══ Given records
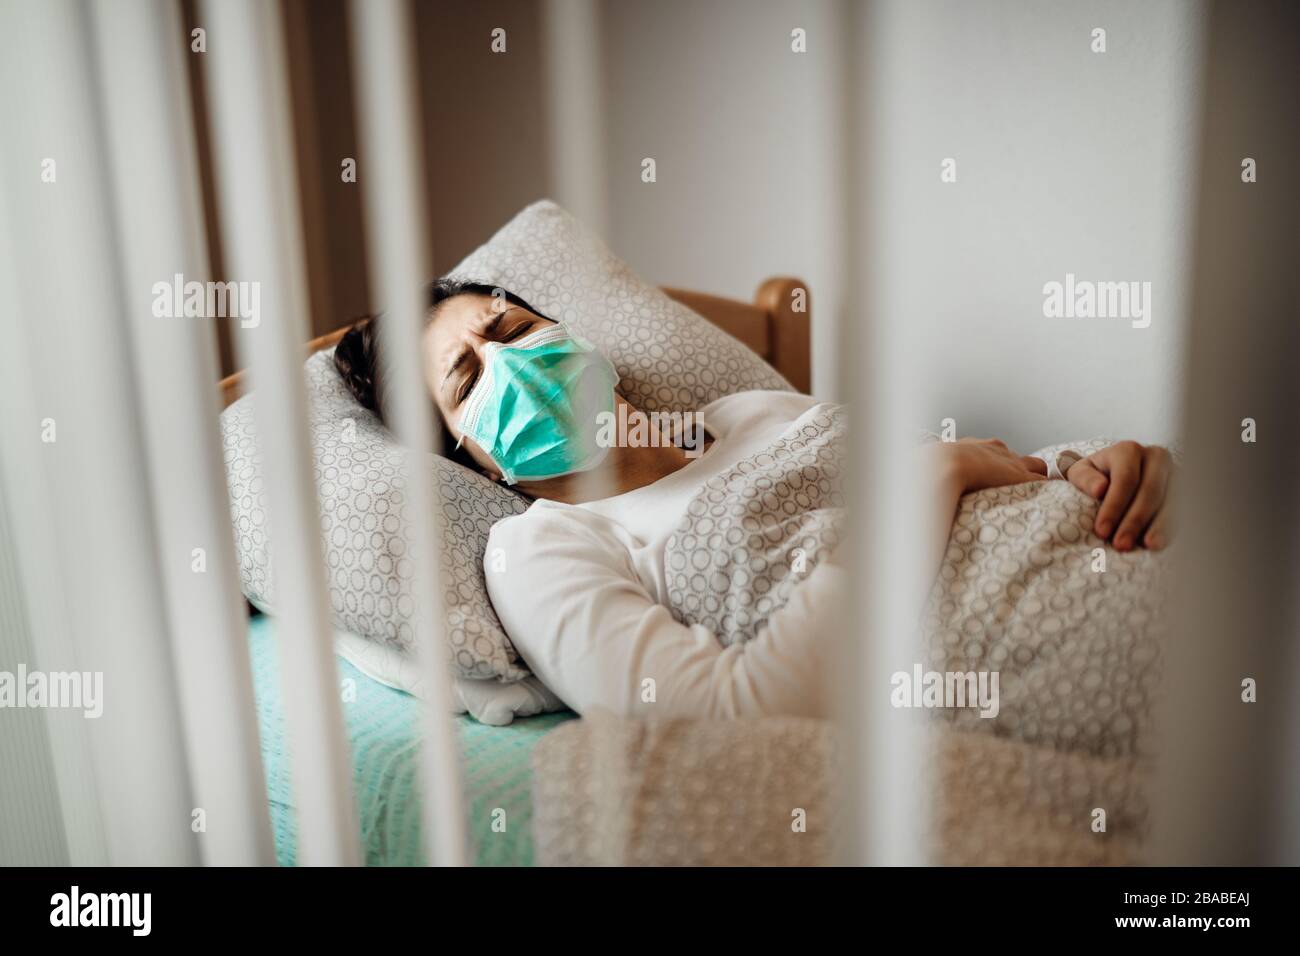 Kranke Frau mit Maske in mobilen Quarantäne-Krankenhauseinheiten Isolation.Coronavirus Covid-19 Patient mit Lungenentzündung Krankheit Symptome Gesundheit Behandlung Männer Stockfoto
════
══ Given records
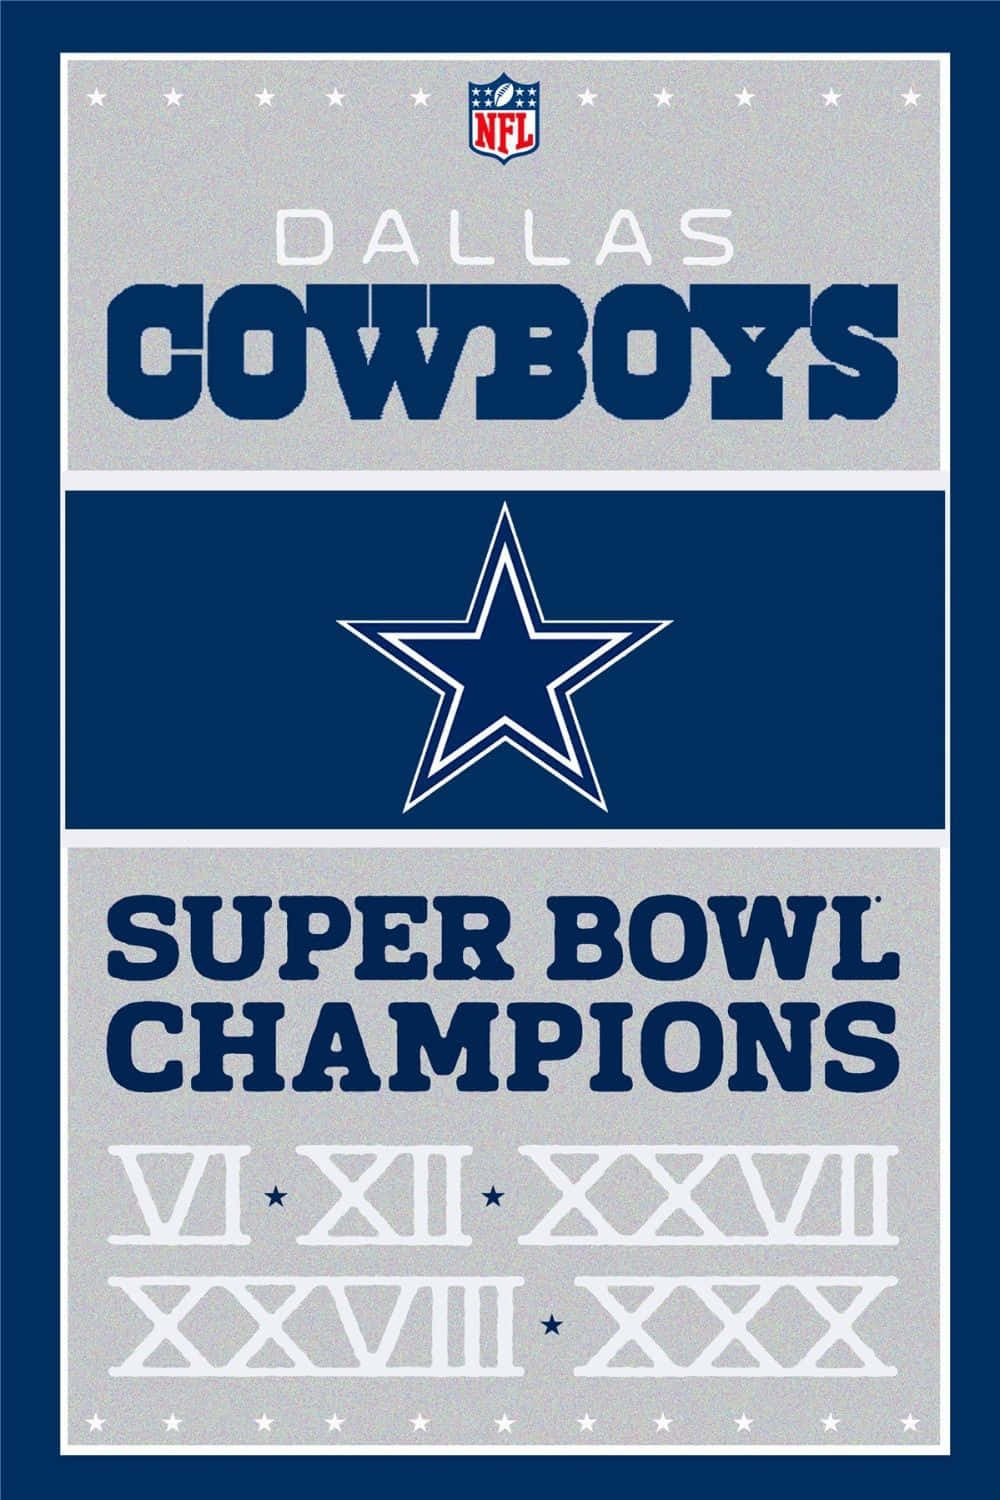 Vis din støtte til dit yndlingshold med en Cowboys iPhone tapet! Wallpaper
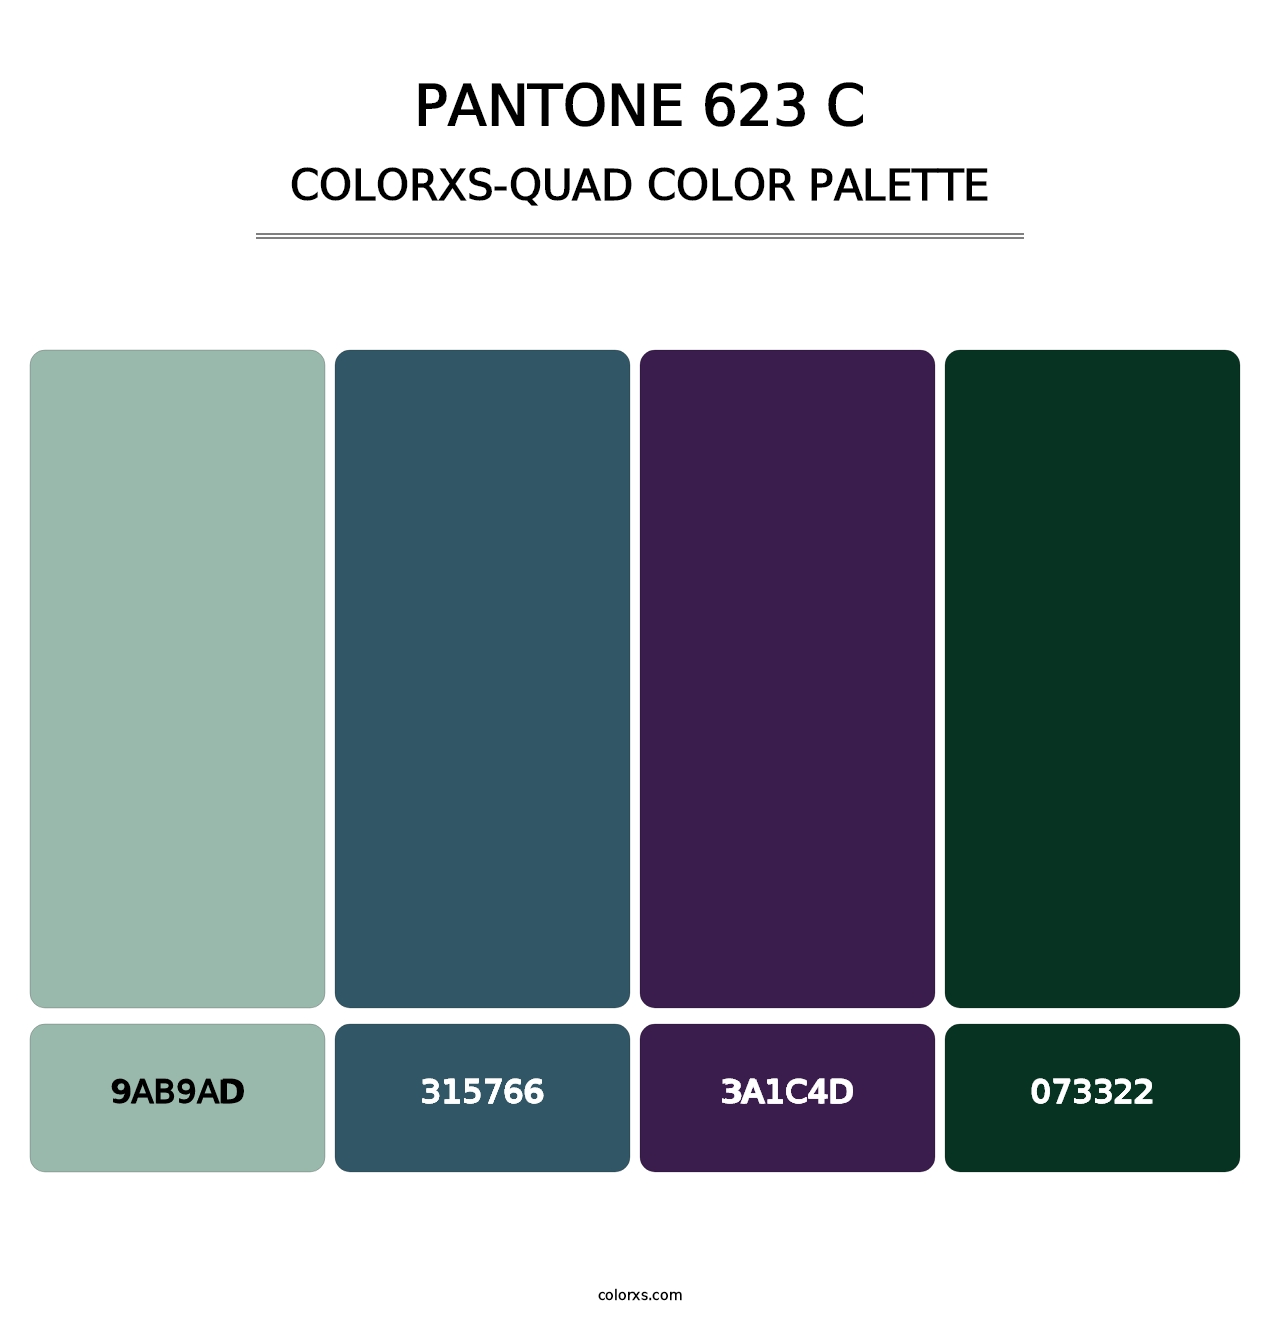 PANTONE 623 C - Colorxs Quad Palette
════
══ Given records
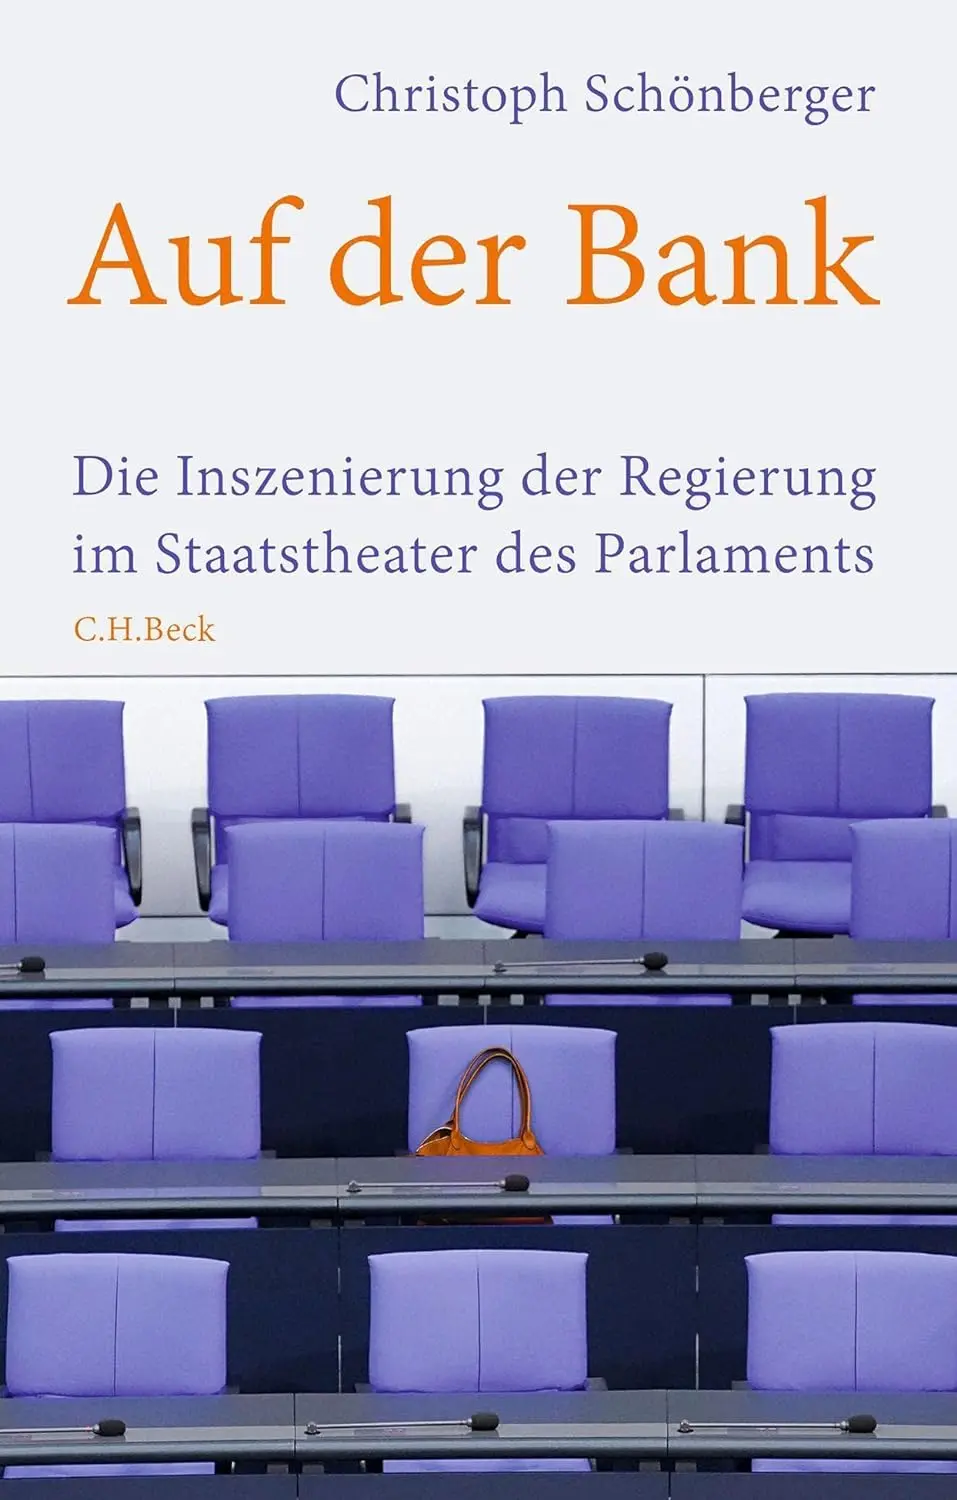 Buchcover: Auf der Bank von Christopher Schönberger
════
=== Work order ===
What are the lines in the records above, word for word, from the one containing "Vis din støtte" through the one containing "PANTONE 623 C - Colorxs Quad Palette", both ends included and pictures left out?

=== Expected output ===
 Vis din støtte til dit yndlingshold med en Cowboys iPhone tapet! Wallpaper
 PANTONE 623 C - Colorxs Quad Palette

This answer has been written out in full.